* _Source data_:
:::::

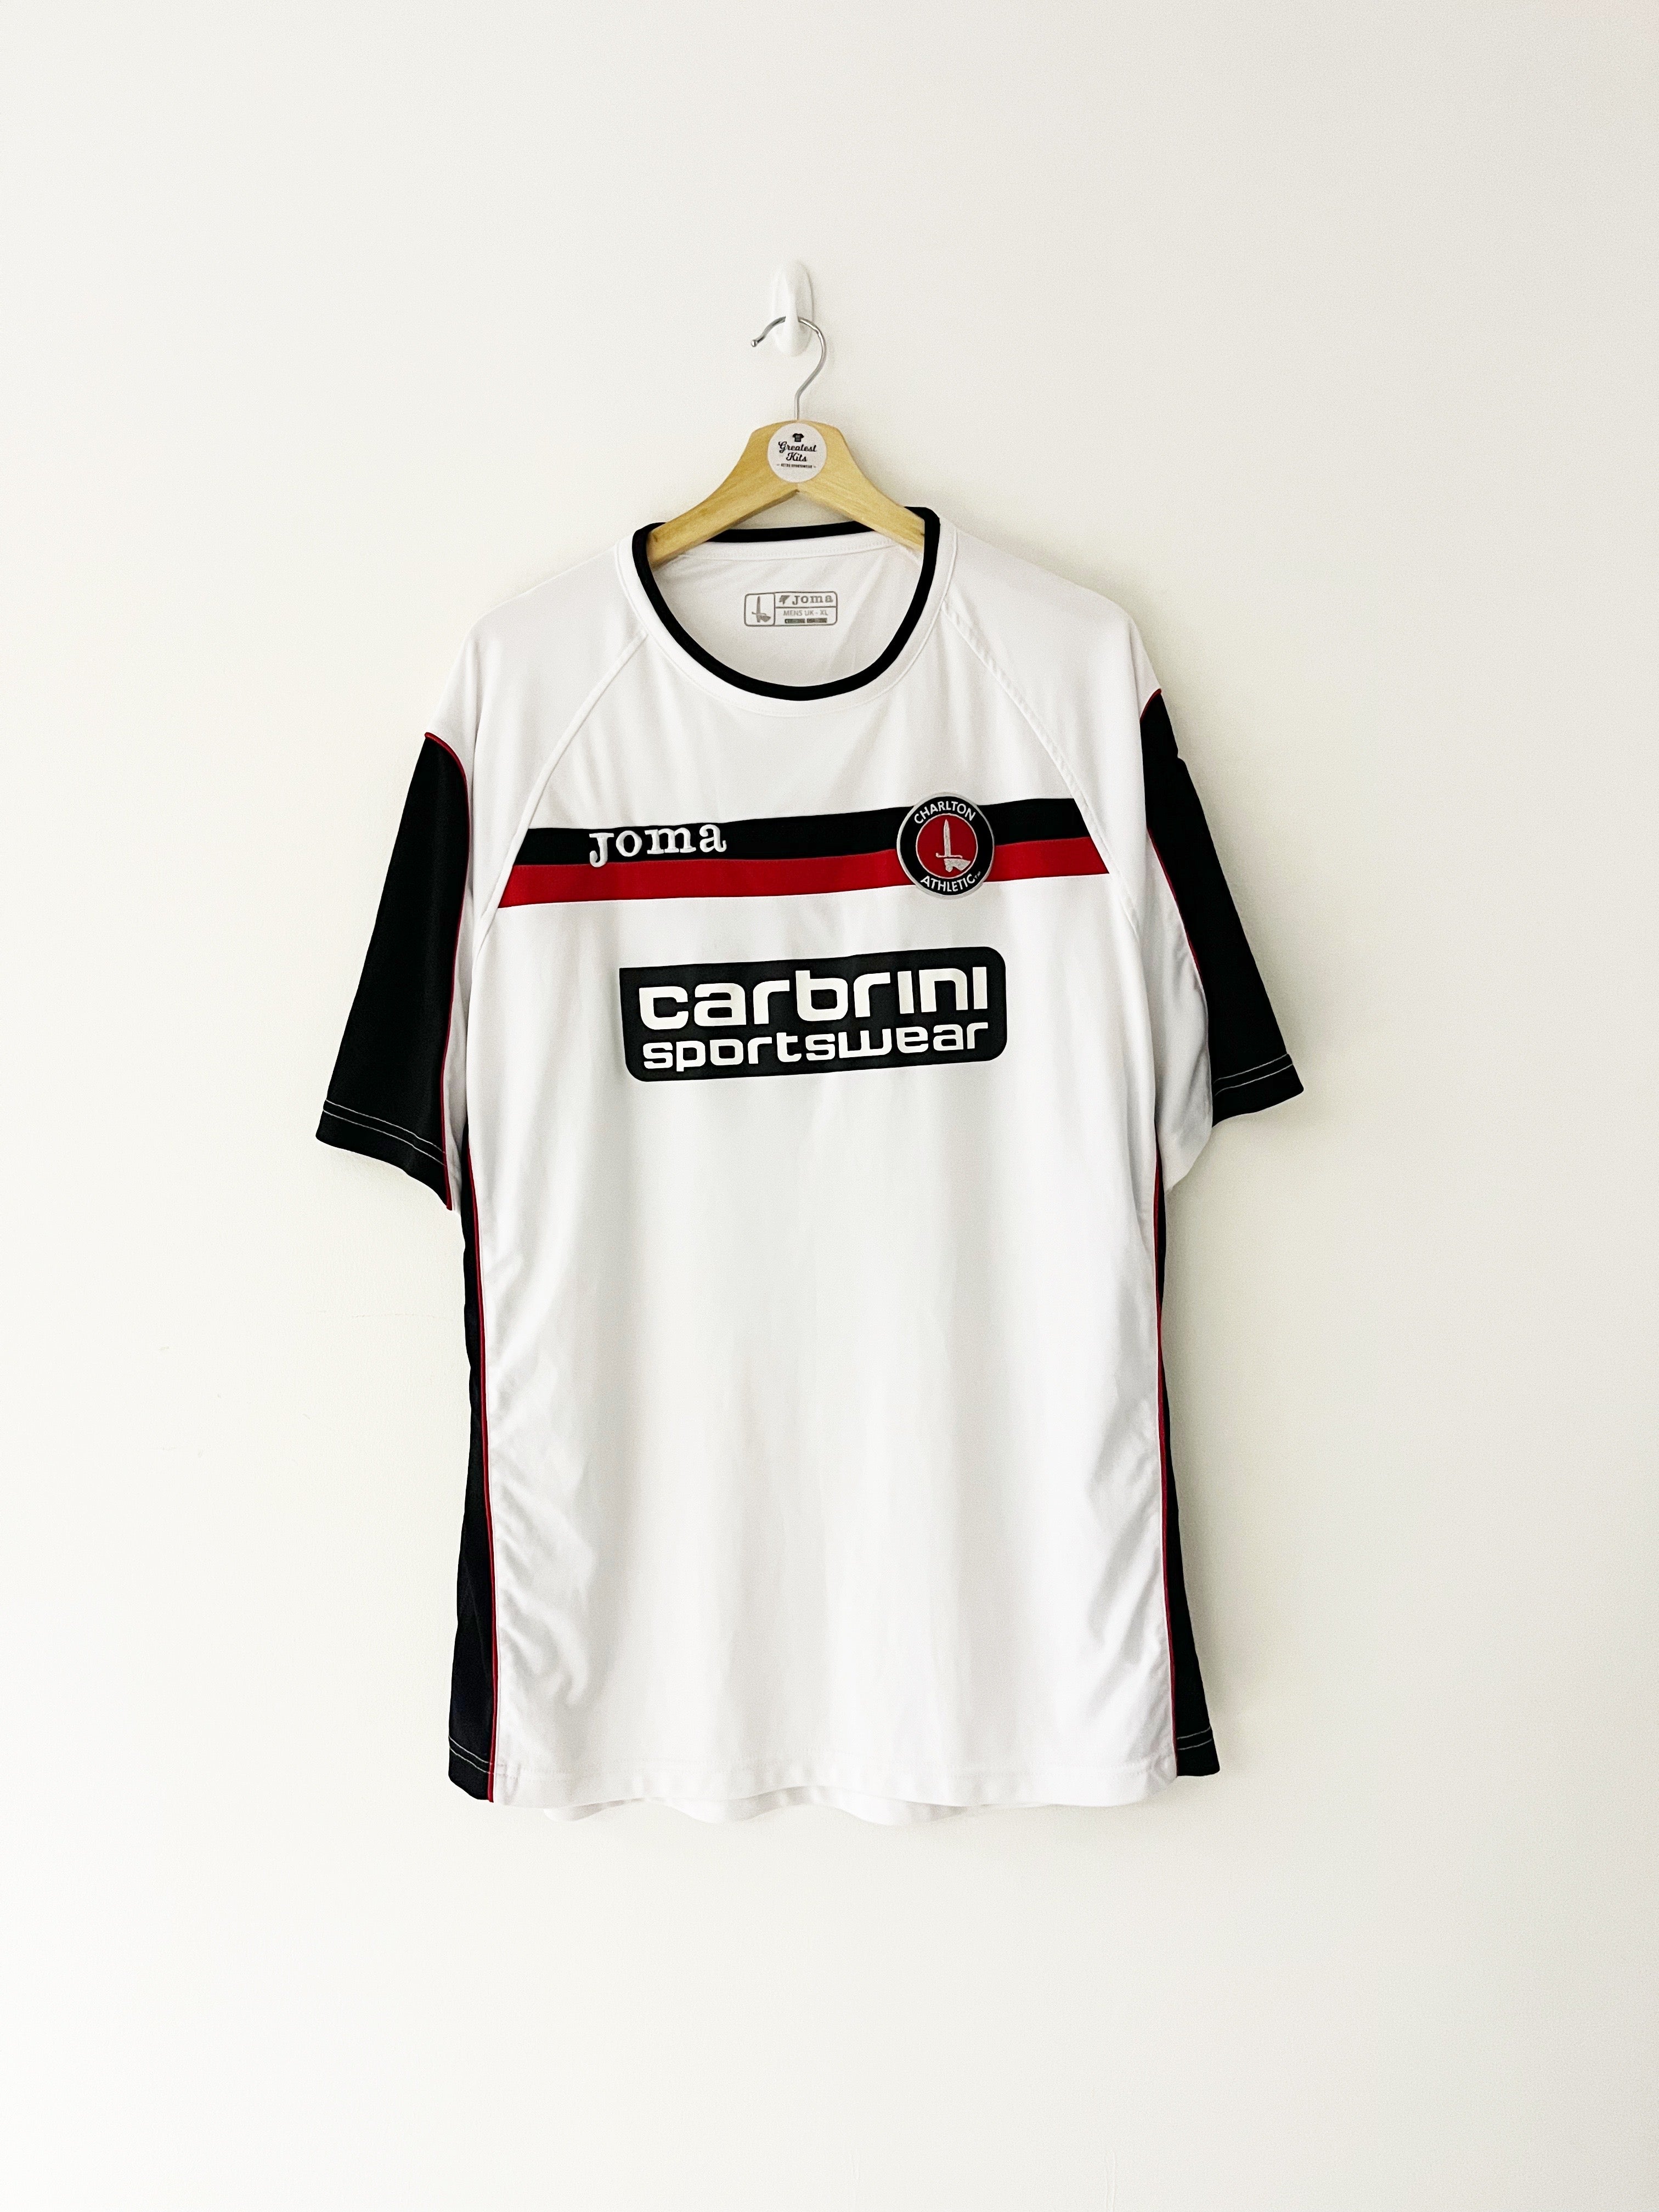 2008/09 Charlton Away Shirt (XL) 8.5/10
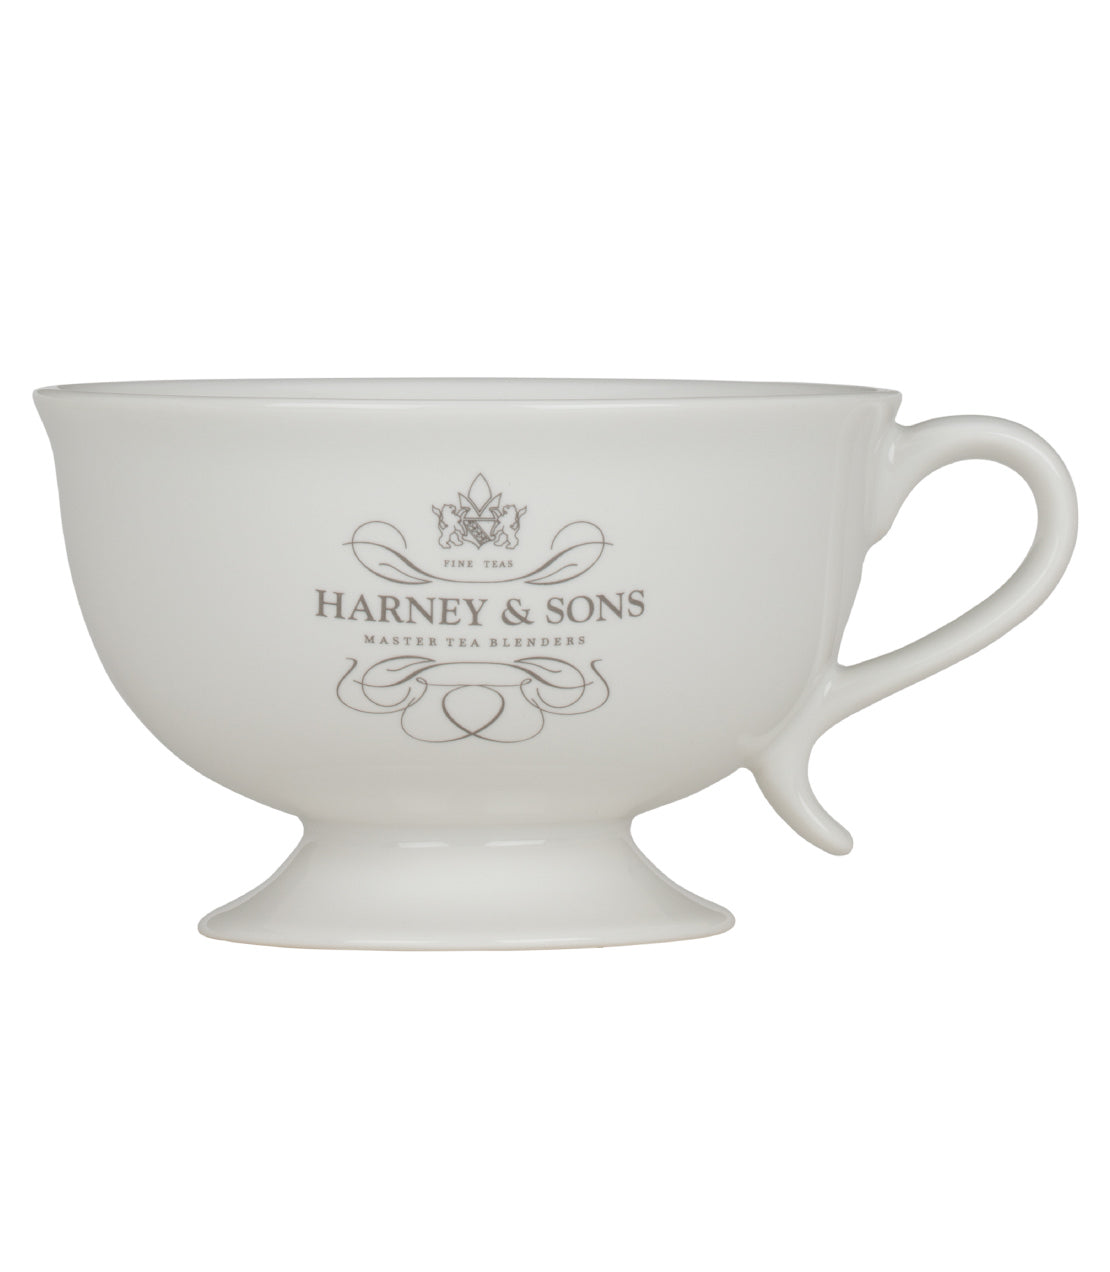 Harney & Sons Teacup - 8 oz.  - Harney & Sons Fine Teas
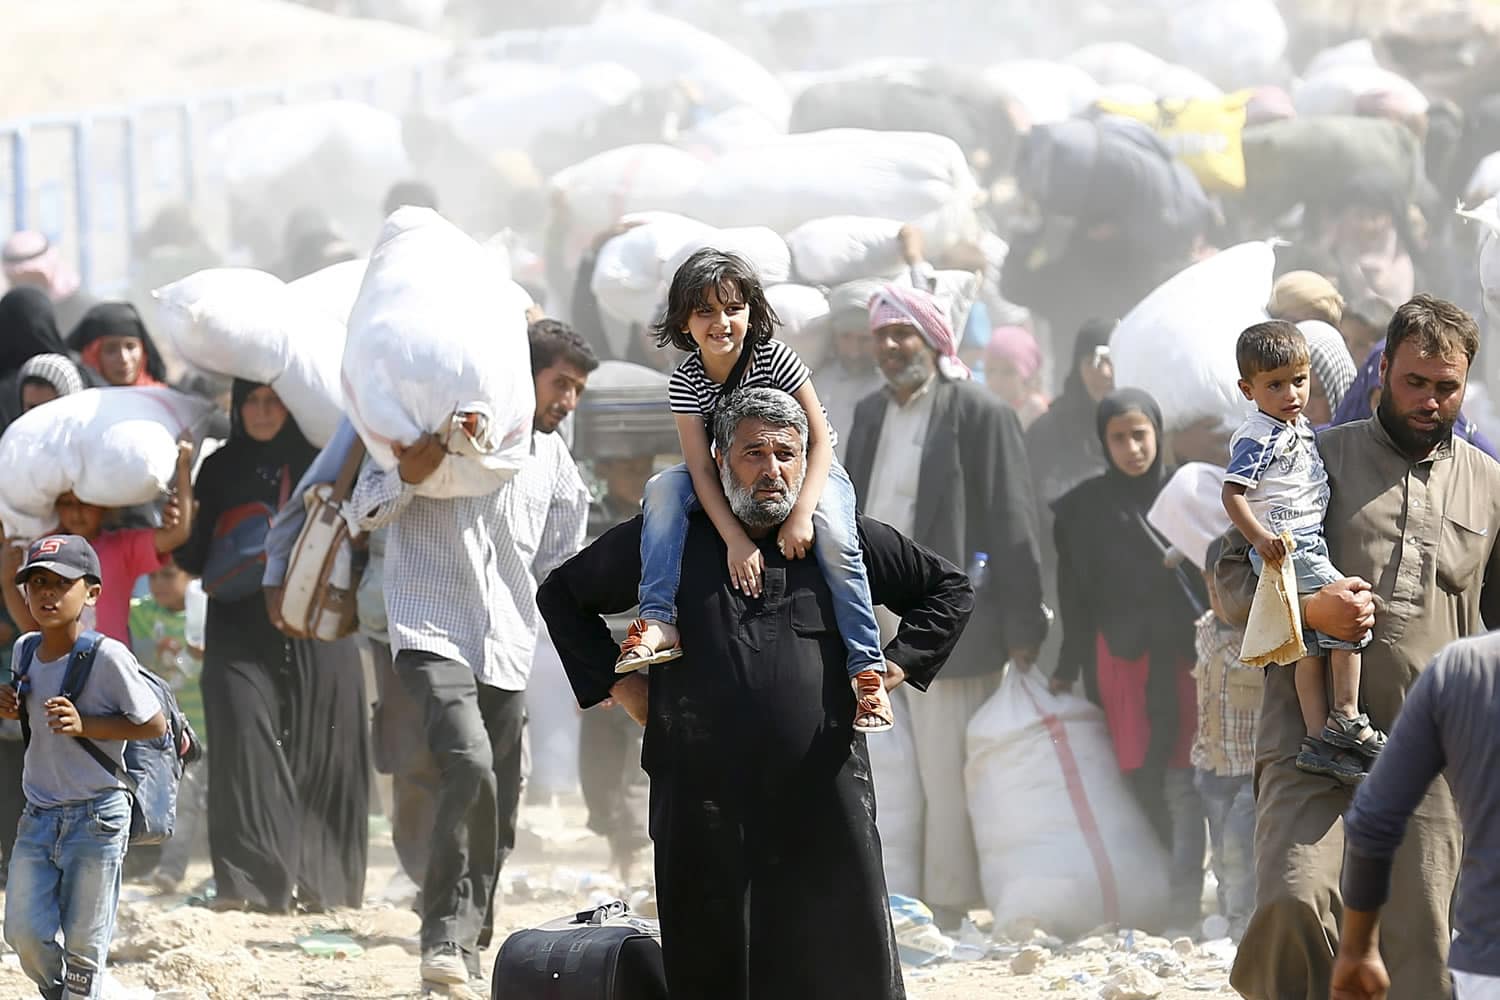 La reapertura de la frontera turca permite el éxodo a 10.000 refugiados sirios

:::::

* _What you should do_:
Copy only this, please: the line with "Harney & Sons Teacup" and every line after it through the end of the data, with no pictures.

* _Answer box_:
 Harney & Sons Teacup - 8 oz.  - Harney & Sons Fine Teas
 La reapertura de la frontera turca permite el éxodo a 10.000 refugiados sirios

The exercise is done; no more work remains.